Find the column name of the highest weighted average-CodePudding

I have a DF that looks like this. In the investor columns, 1 means invested and 0 mean no. If there are more than 1 investors invested in a project, we can assume that they share the investment equally (eg: Investor A and B each invested 50000 in project "something"). I want to calculate the total amount that each investor put in and find out who invested the most.

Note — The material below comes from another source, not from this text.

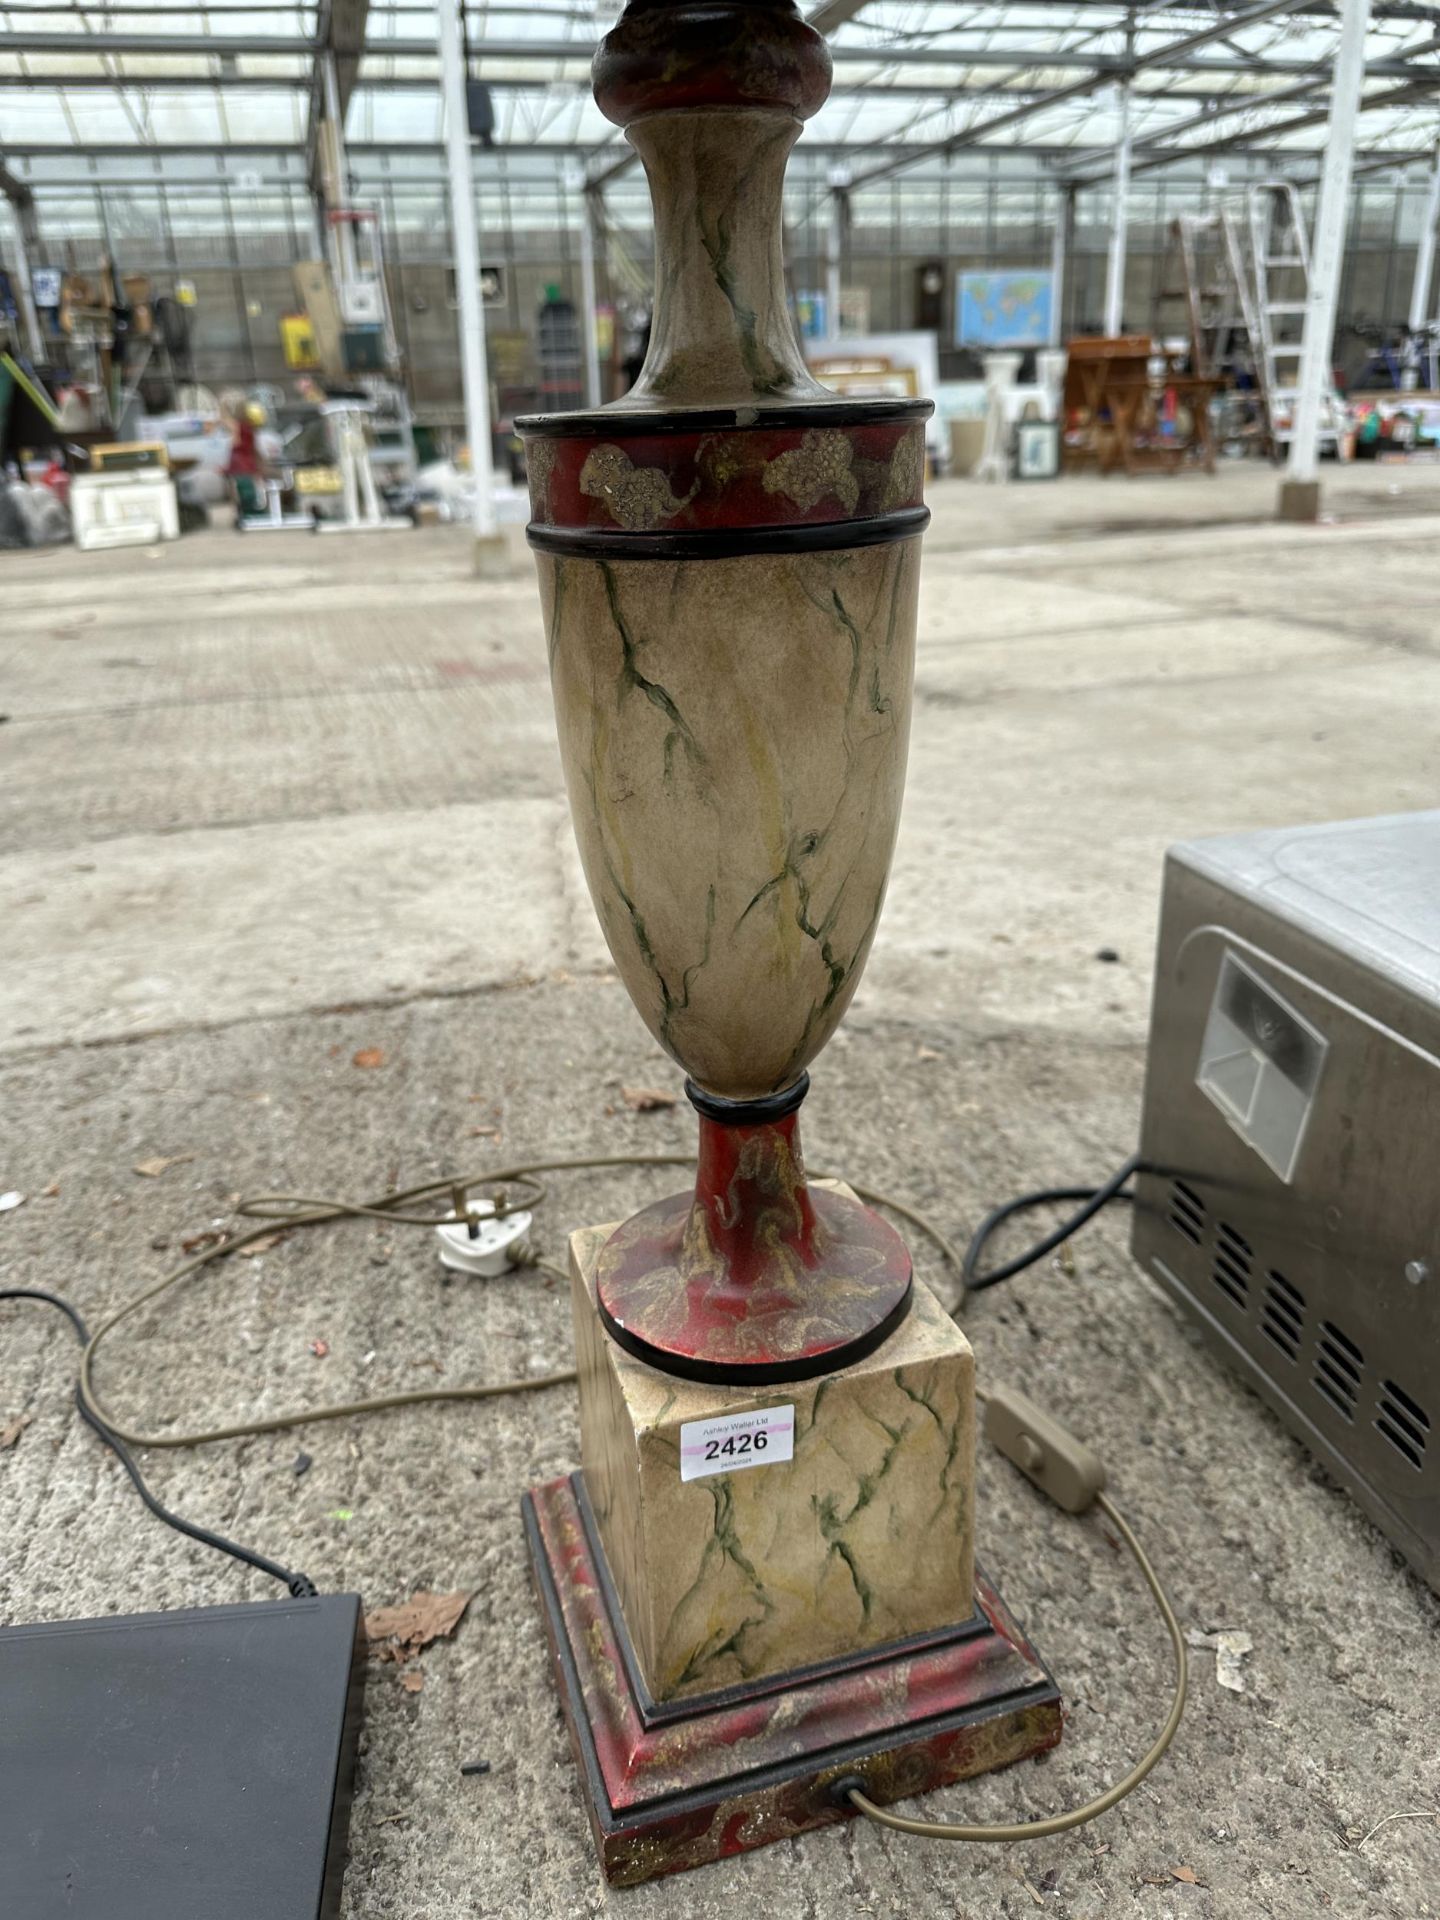 A LARGE ORNATE AND DECORATIVE TABLE LAMP WITH SHADE - Image 2 of 2

Project	Invested Amount	Investor A	Investor B	Investor C
Something	100000	1	1	0
Another	5000000	0	0	1
Last	25000000	1	1	1

Right now I am thinking of filtering by each investor that has a 1 and then divide by them sum of all the investor column. Here is what I tried but I am still missing something:

Investor_A = df[df['Investor A'] == 1]
test = Investor_A['Invested Amount'] / (df.iloc[:,3:5].sum())

Expected output:

Investor A would have put in a total of 100000/2 25000000/3 = 8383333.33333. Investor B would have put in a total of 100000/2 25000000/3 = 8383333.33333. Investor C would have put in a total of 5000000 25000000/3 = 13333333.3333 --> Investor C invested the most amount of money.

CodePudding user response：

Call filter() on the Investor columns and divide the Invested Amount column by the row-wise sum of the Investor columns. Then multiply it by the investors columns again to get the total share of each investor for each item. Then calling sum() would find the total investment of each investor and idxmax() would fetch the name of the investor.

investors = df.filter(like='Investor')
avg_invested_amount = df['Invested Amount'] / investors.sum(1)
investment_shares = investors.mul(avg_invested_amount, axis=0)
investment_per_investor = investment_shares.sum()
investment_per_investor.idxmax()
#'Investor C'

FYI, this code can be written in 2 lines (but much less legible):

investors = df.filter(like='Investor')
investors.mul(investors.sum(1).rdiv(df['Invested Amount']), axis=0).sum().idxmax()

CodePudding user response：

@NewEnglandcottontail's way is straights forward... Another way could be this;

import pandas as pd 

df = pd.DataFrame({"Project":["Project1","Project2","Project3"],
                   "Invested Amount":[100000,5000000,25000000],
                   "Investor A":[1,0,1],
                   "Investor B":[1,0,1],
                   "Investor C":[0,1,1]})

df1 = df.copy()
col_lst = [col for col in df1.columns if "Investor" in col]
df1[col_lst] = df1.apply(lambda x: x[col_lst] * x["Invested Amount"]/sum(x[col_lst]),axis=1)

lst = df1[col_lst].sum().to_list()
print("Investor who invested maximum ammount:",col_lst[lst.index(max(lst))])

Output;

Investor who invested maximum ammount: Investor C